Examination of the 'golden share' arrangement in the partnership between U.S. Steel and Nippon Steel
A Fresh Take:
Host: STEVE INSKEEP, HOPPING ON BOARD
Stateside, the U.S. is backing a Japanese firm's plan to grab a chunk of U.S. Steel - in exchange for a decisive say in the company's future. It's a tactic known as a golden share, giving the U.S. some extra voting power in the company's affairs. To shed some light on this, we're chatting with industrial policy expert, Todd Tucker.
TODD TUCKER STEPS IN:
TUCKER: So, you're right, Steve. A golden share's a tool governments worldwide use to guarantee a dominant grip on pivotal industries - think of players like Volkswagen in Germany or Heathrow Airport in the U.K. These entities have a golden share, allowing the government to meddle in any major moves, from selling the company to redefining its purpose.
INSKEEP: OK, I get it, this ain't a scheme dreamed up by the Trump administration, but an established practice worldwide.
TUCKER: Exactly. The contemporary usage came into play during the Thatcher period in the U.K., when the government adopted a policy of offloading many state-owned companies. As a compromise, they left the government with a golden share.
INSKEEP: Looking at the golden share as veto power, not something empowering the government to tell the company what to do.
TUCKER: Close, but a bit more. The company must consult the government on strategic decisions like plant closures, investment decisions, and, in essence, seek their blessing before they move forward.
INSKEEP: I've got my eyes on the $14 billion investment. Supposed to be spread across a few years, making me wonder if it'll stick.
TUCKER: Understandable. Investments promise a lot today, but follow-through is another question. That's why the Biden administration was hesitant - being burnt before by U.S. Steel and Nippon not keeping their promises. But this innovative solution suggests the U.S. will wield a say in the company's decisions if it detects any deviations from the agreed course.
INSKEEP: If Nippon doesn't abide by its promises, what can the U.S. do to teach them a lesson?
TUCKER: Simple. If Nippon can't attract private investment for its ambitious $14 billion plan, the U.S. can step in and run the company more like a public entity - or even further tighten its hold.
INSKEEP: There's a chilling implication: governmental mission creep. A future president might think, "I've got influence here. Why not tilt the company in favor of my pet projects?" Like crypto investments, hypothetically speaking.
TUCKER: Absolutely. The risk is there, ever since Nippon willingly accepted government scrutiny. On the bright side, the arrangement might benefit the steel industry, pushing towards green steel and reducing carbon footprints. On the flip side, it could also enable political appointees to influence company decisions inappropriately, opening the door for corruption.
IN CLOSING:
TUCKER: Glad to help, Steve.
INSKEEP: Todd Tucker, thanks for your insights. He's the director of industrial policy and trade at the Roosevelt Institute.
It's an interesting case study - the U.S. Steel and Nippon Steel deal. The golden share, a tool borrowed from nations that prioritize control over industries like steel, ports, energy, and utilities, now adopted in American corporate governance to ensure alignment with national strategic priorities.

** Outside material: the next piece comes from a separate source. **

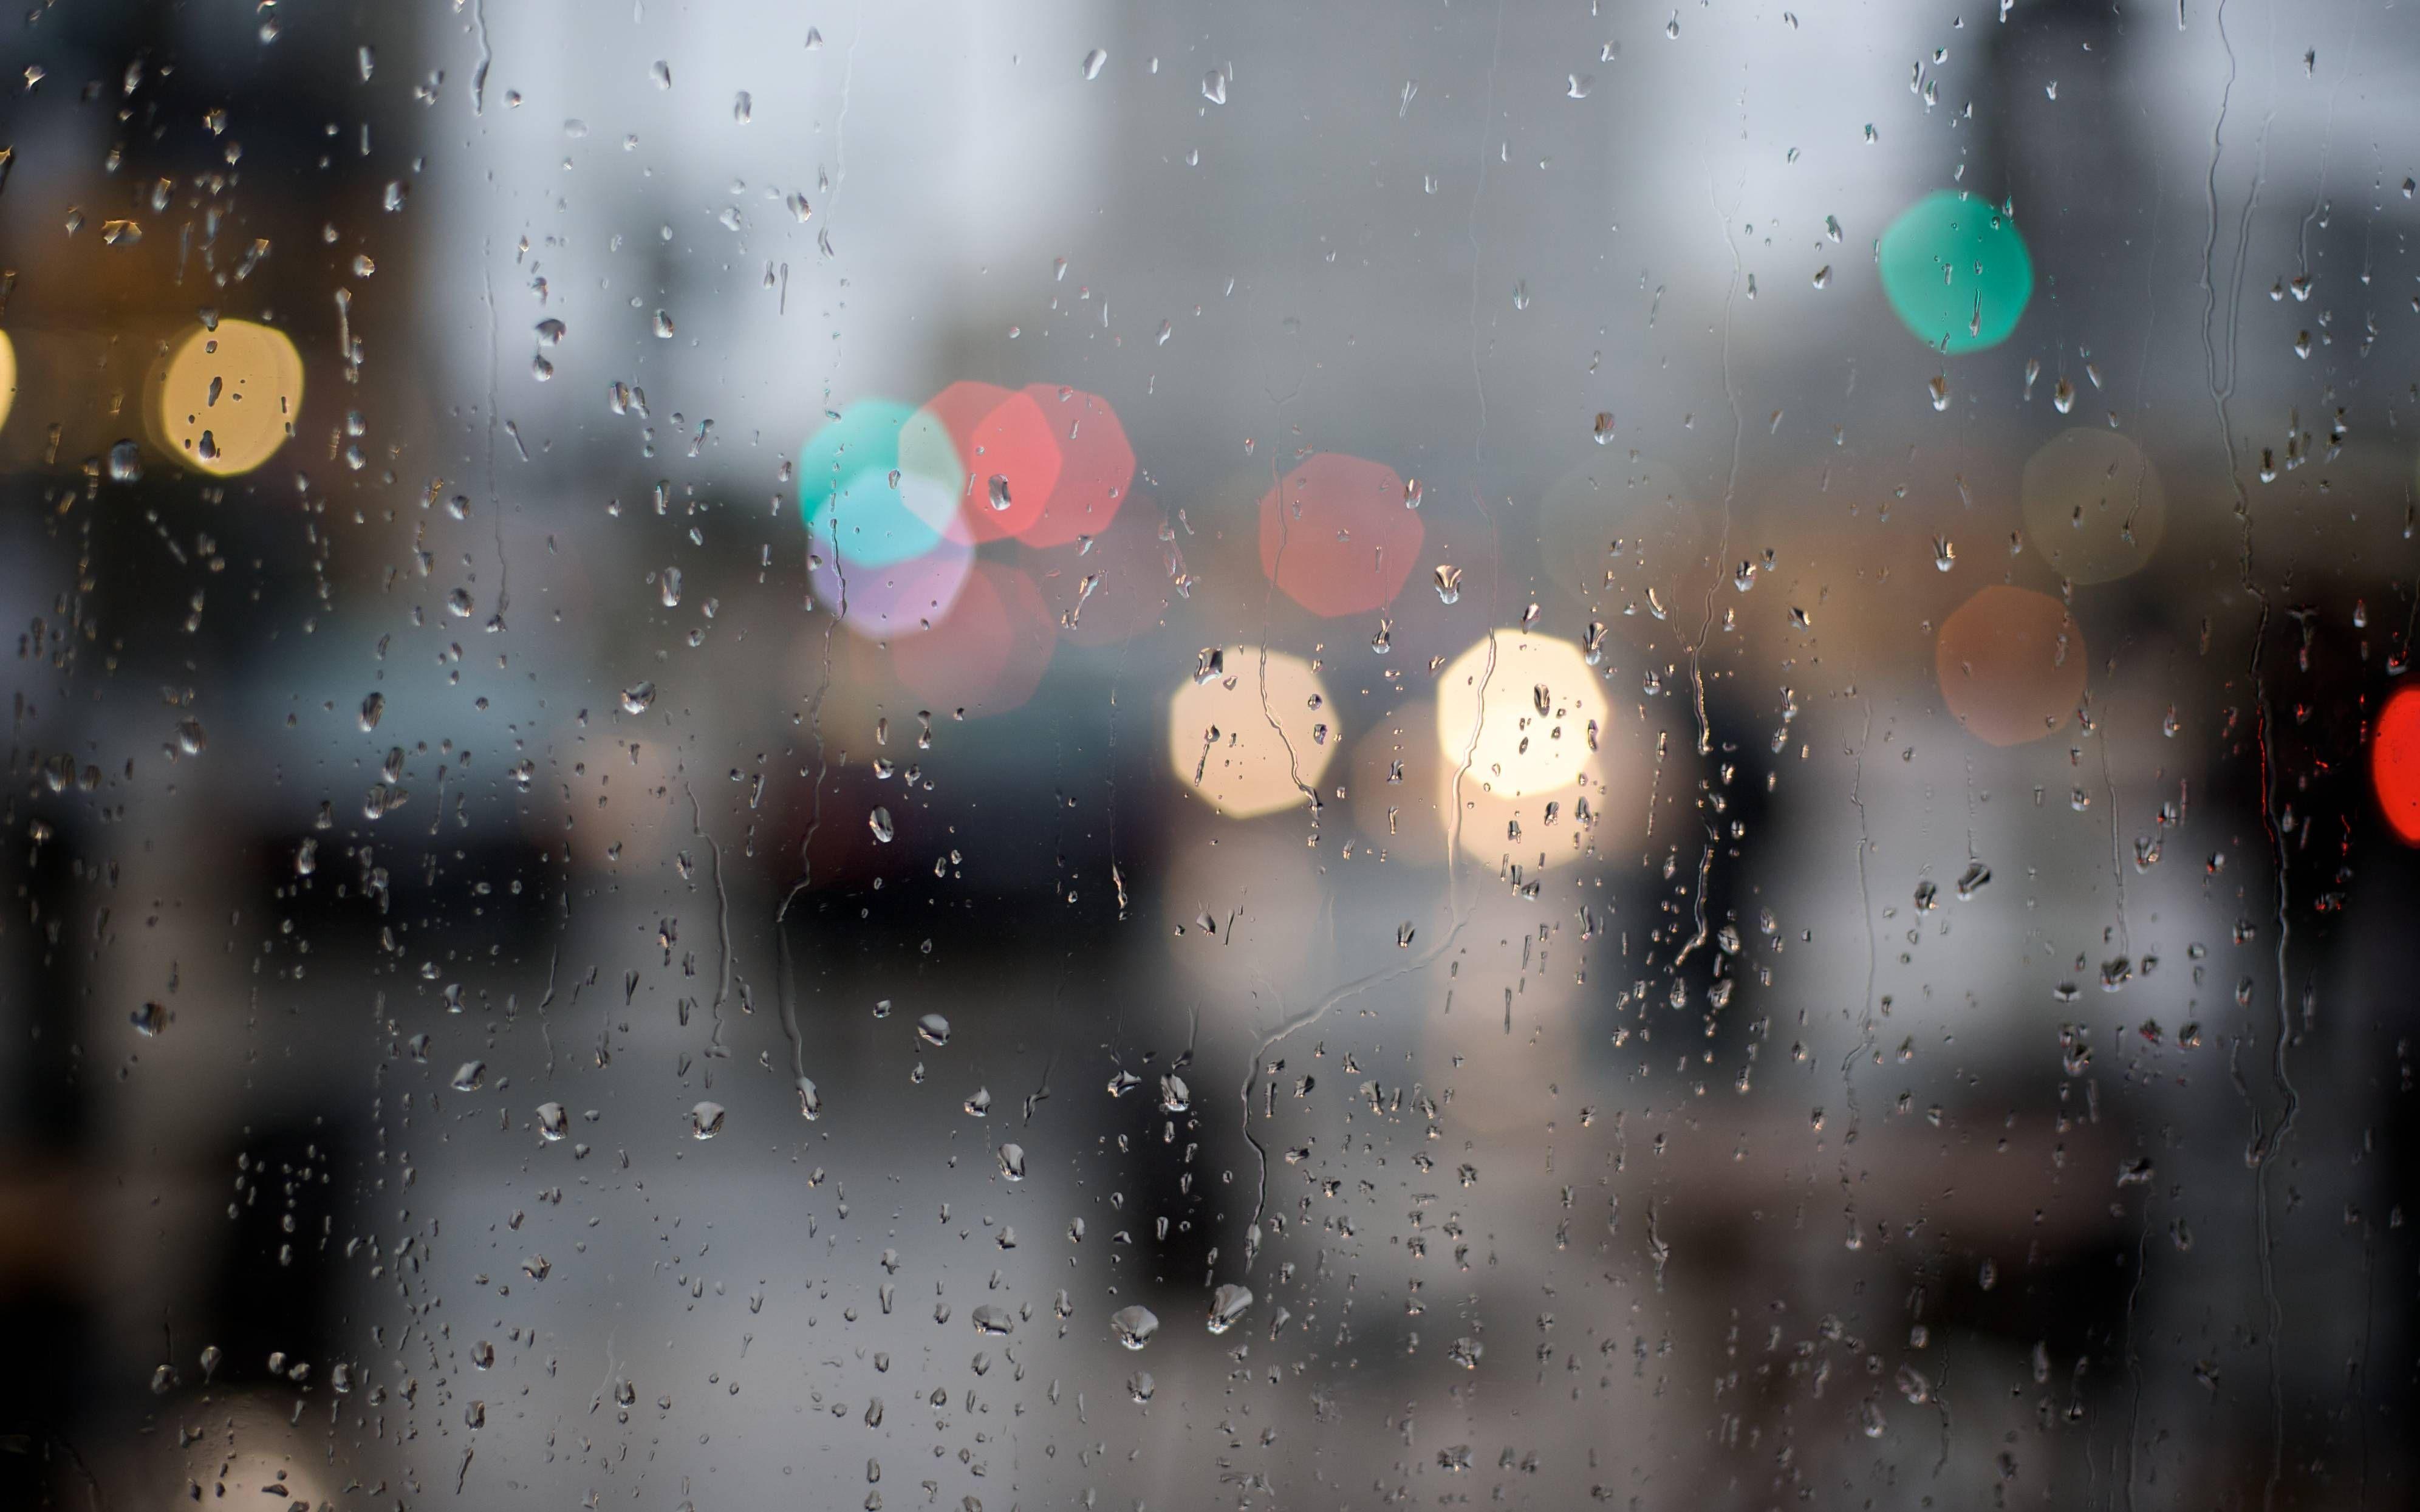 Hd wallpaper rain - Rainy Day Wallpapers Wallpaper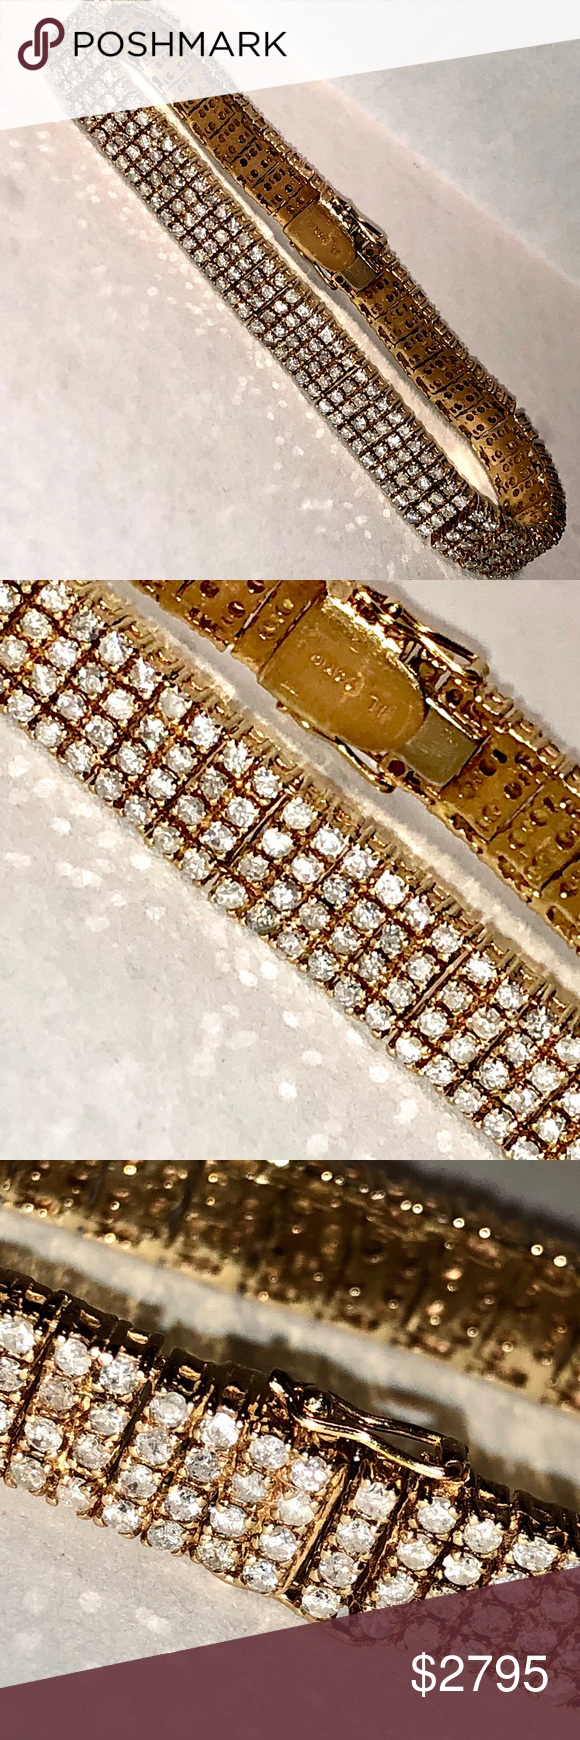 K gold tcw si h diamonds tennis bracelet estate k rose

Although the article does not explicitly mention it, it's worth noting that the use of golden shares can raise concerns about corruption, restricting competition, and politicizing business decisions. In some countries, such as Italy, the misuse of golden shares has been associated with contractor bribes, preferential treatment, and political favoritism.
- This discussion illustrates that governments, like the U.S., often intervene in key industries, such as steel, through tools like golden shares, thus exerting control over companies' strategic decisions and future direction.
- The implementation of a golden share in the U.S. Steel and Nippon Steel deal could potentially lead to mission creep, with political appointees showing preferences for agenda items, posing a risk of corruption and politicizing business decisions.